House debates
Monday, 8 February 2010
Questions without Notice
Hospitals
2:54 pm
Nicola Roxon (Gellibrand, Australian Labor Party, Minister for Health and Ageing) Share this | Hansard source
I welcome this opportunity and thank the member for Moreton for this question because he, as a member with very high demands in his electorate from the health system, will be very interested to be able to compare and contrast the record of the government’s investments in public hospitals with the record of the Leader of the Opposition as a former health minister who cannot pretend that he was not intimately involved in every decision and every legacy left by the Howard government in our health system. We have spent the last two years rebuilding, block by block, after not just four years of this Leader of the Opposition being the health minister but also 12 years of a Howard government which neglected the system.
I can understand why the public responds very badly when they are reminded of Mr Abbott’s time as the health minister because one of the things that people remember most about Mr Abbott is that he pulled a billion dollars out of our public hospitals and then spent the next four years blaming the states for everything that went wrong. Compare and contrast ripping a billion dollars out of our hospitals to putting hundreds of millions of dollars into elective surgery and into emergency departments—billions of dollars into our public hospitals. This compare and contrast is a very easy thing to do.
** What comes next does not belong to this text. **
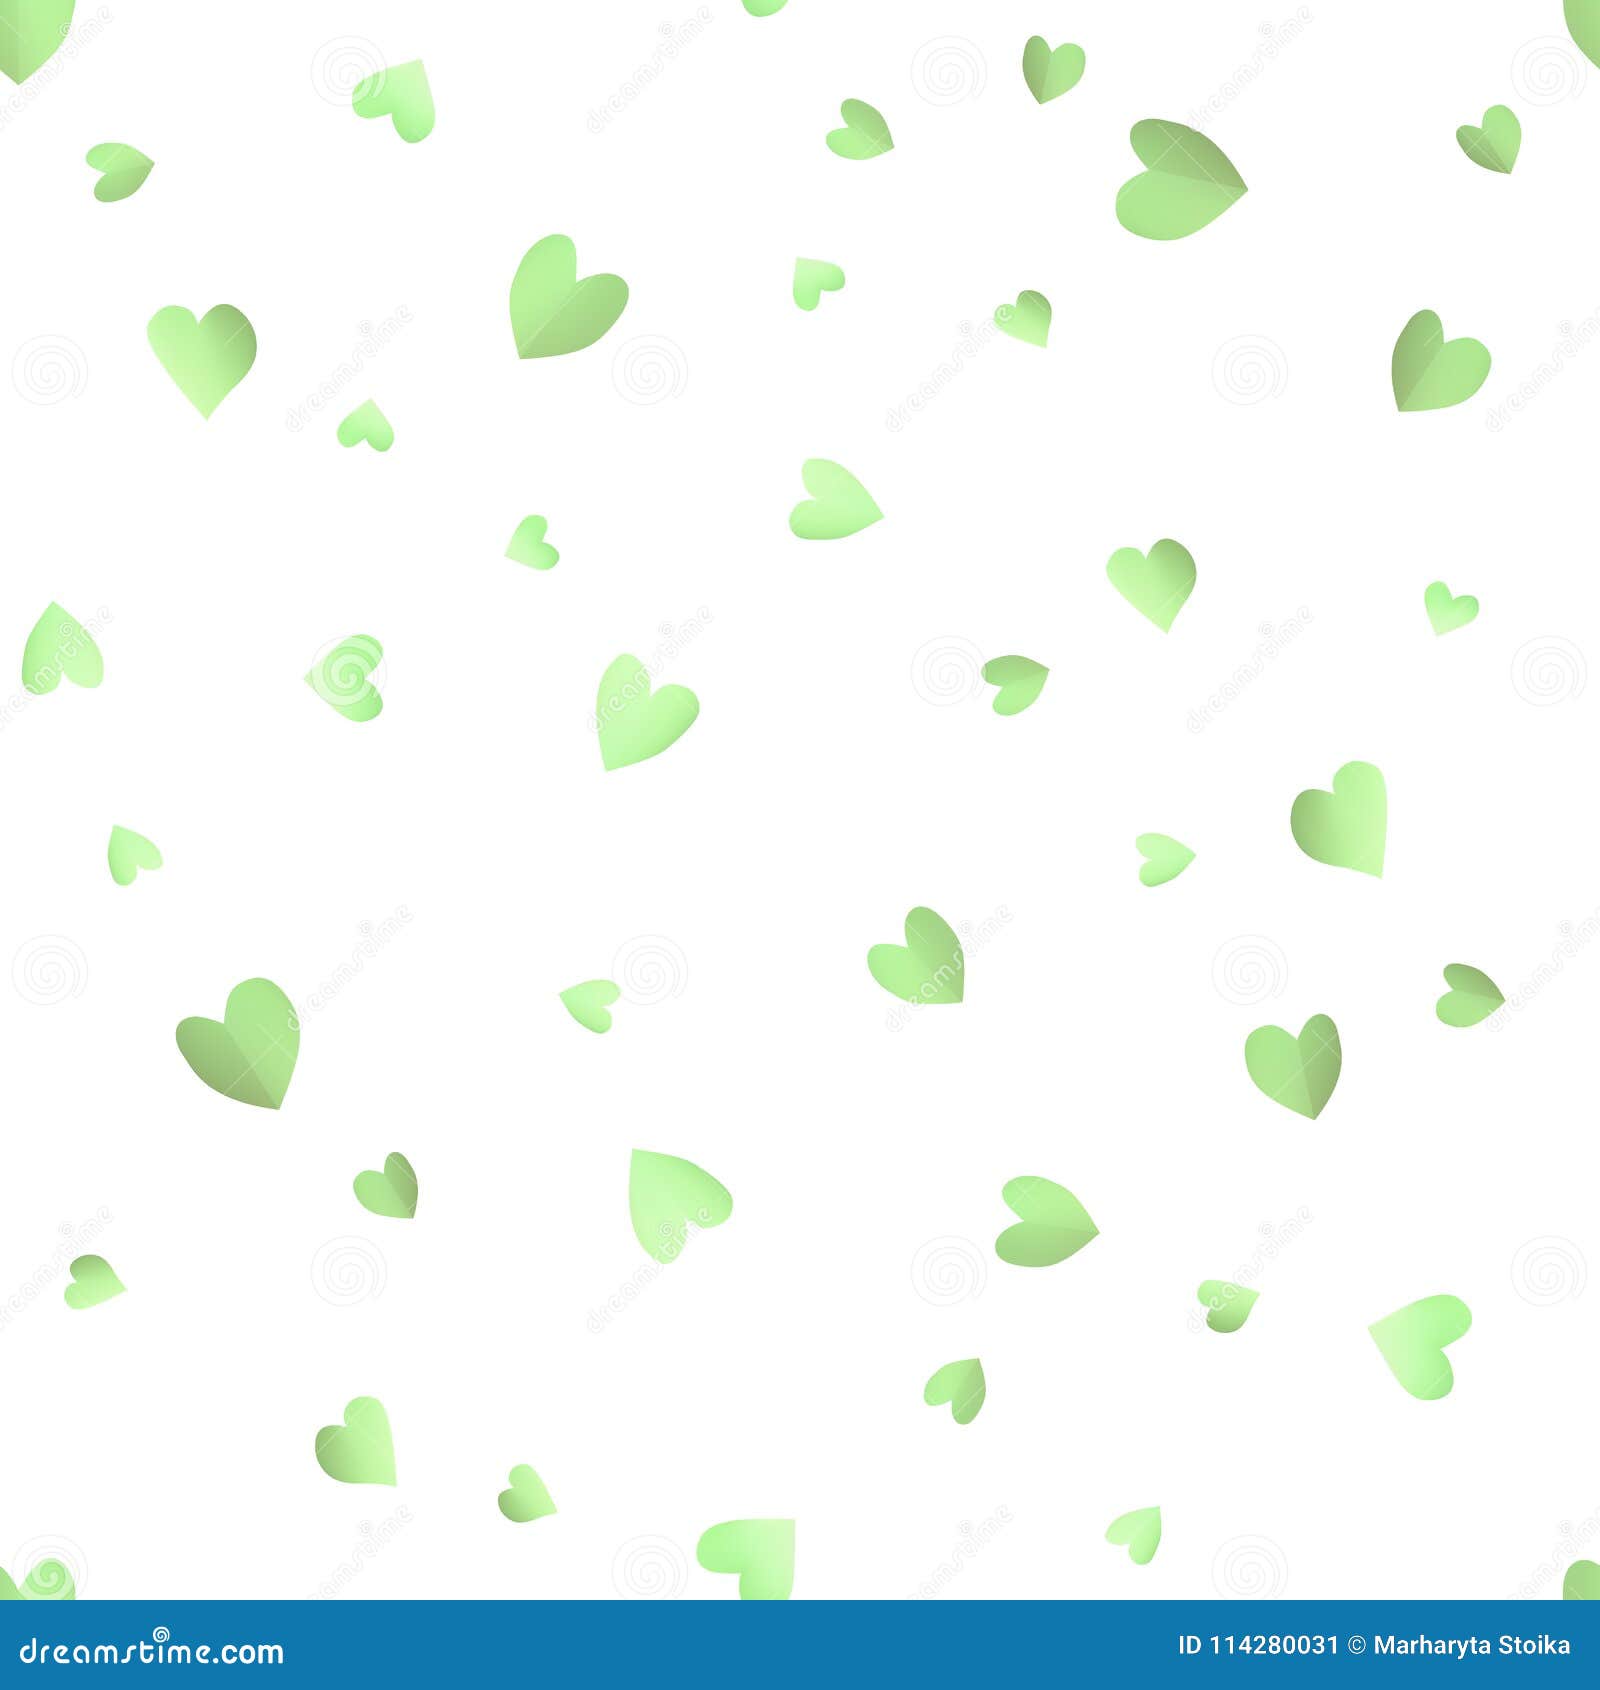 Họa tiết liên tục nền xanh lá cây với hình trái tim là sự kết hợp hoàn hảo giữa mẫu hoa văn độc đáo với màu xanh tươi sáng. Điều này sẽ giúp bạn có một hình nền hoàn hảo cho điện thoại hay máy tính của mình.

Look at another thing that the Leader of the Opposition oversaw when he was the health minister: for all of the time that the Leader of the Opposition was the health minister the Howard government had a cap on the training places for GPs. This was despite the fact that 60 per cent of the country had a shortage of GPs. For four years as the health minister, Mr Abbott simply looked the other way and tried to pretend this was somebody else’s problem. We have already started to undo the damage caused by those years of neglect. We have increased the number of GP training places by 35 per cent. I am sure the public will want even more than that. We are taking action for things that the Leader of the Opposition neglected year after year after year.
Actually, it reminded me very much of a very familiar Monty Python script where it was fine to say that we have just cut off an arm as we rip a billion dollars out of our hospitals and we have cut off a leg as we have capped our GP training places, and the Leader of the Opposition just kept saying: ‘It’s only a flesh wound. Everything’s going to be fine; it’s just a flesh wound.’